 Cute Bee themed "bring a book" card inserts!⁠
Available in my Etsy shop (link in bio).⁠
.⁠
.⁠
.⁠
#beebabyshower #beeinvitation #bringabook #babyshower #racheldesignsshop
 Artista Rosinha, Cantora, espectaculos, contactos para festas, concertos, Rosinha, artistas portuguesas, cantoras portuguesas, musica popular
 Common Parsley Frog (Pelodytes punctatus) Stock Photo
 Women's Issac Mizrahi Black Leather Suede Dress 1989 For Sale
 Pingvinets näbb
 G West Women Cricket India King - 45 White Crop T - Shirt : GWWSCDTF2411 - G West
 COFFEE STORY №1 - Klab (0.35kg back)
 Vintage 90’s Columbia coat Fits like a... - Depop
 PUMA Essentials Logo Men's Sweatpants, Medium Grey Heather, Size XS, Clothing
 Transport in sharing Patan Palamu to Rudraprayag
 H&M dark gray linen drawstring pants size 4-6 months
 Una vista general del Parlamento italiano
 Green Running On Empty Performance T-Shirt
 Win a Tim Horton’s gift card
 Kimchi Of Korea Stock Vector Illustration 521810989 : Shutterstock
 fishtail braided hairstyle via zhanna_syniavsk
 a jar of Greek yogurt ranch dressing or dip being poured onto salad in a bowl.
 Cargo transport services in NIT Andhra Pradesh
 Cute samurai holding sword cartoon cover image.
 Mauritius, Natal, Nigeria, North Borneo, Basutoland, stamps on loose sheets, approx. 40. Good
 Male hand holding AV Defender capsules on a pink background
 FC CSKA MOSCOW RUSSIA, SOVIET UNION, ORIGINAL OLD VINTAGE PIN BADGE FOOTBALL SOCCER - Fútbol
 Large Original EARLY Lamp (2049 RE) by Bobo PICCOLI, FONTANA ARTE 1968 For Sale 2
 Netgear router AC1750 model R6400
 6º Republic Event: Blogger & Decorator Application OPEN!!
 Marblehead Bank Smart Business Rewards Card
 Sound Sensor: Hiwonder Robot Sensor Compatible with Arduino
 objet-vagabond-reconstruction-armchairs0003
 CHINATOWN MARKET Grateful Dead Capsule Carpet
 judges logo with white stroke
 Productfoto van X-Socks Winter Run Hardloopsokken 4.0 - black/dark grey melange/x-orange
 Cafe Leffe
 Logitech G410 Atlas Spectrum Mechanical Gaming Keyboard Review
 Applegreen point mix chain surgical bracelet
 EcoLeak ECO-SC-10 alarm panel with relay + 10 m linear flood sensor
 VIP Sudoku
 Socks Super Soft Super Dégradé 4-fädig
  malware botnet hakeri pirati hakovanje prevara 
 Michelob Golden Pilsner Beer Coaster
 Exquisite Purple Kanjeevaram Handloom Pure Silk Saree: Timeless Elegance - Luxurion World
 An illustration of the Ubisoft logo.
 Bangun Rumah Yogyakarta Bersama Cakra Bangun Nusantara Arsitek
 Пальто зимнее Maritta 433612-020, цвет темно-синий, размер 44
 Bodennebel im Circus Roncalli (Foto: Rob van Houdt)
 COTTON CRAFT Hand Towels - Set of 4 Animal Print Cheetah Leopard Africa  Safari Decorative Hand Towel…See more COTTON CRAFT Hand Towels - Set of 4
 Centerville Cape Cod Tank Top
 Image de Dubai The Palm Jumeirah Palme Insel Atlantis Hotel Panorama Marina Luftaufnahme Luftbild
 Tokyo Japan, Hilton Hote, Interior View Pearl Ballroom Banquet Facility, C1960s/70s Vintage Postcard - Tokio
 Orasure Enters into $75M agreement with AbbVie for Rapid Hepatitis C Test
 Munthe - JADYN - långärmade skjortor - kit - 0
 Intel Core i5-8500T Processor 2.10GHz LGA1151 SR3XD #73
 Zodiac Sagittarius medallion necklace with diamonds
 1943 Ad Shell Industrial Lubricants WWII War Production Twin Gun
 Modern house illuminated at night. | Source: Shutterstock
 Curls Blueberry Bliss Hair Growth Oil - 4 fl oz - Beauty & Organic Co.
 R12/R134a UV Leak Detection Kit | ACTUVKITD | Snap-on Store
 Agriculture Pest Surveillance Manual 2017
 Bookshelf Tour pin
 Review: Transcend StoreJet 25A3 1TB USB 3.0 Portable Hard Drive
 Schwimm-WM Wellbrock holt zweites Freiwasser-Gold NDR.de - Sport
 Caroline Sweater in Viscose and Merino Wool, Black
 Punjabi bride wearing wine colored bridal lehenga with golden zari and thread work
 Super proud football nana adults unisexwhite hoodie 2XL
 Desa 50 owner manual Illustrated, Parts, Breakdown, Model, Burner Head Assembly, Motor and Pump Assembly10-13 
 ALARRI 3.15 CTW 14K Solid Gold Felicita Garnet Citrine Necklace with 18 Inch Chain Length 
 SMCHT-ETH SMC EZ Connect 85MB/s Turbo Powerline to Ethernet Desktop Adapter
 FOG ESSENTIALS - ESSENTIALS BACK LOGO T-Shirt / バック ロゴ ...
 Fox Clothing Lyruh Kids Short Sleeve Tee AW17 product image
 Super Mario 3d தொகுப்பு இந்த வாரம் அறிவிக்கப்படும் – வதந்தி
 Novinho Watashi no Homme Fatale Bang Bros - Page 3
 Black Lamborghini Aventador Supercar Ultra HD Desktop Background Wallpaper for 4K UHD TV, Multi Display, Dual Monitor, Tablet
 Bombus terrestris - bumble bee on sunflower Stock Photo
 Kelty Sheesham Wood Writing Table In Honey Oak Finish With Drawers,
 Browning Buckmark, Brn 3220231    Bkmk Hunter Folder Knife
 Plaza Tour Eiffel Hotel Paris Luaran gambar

WORK INSTRUCTION:
Among the lines of the listing above, which ones contain the word "Shirt"? Show them.

RESULT OF THIS TASK:
 G West Women Cricket India King - 45 White Crop T - Shirt : GWWSCDTF2411 - G West
 Green Running On Empty Performance T-Shirt
 FOG ESSENTIALS - ESSENTIALS BACK LOGO T-Shirt / バック ロゴ ...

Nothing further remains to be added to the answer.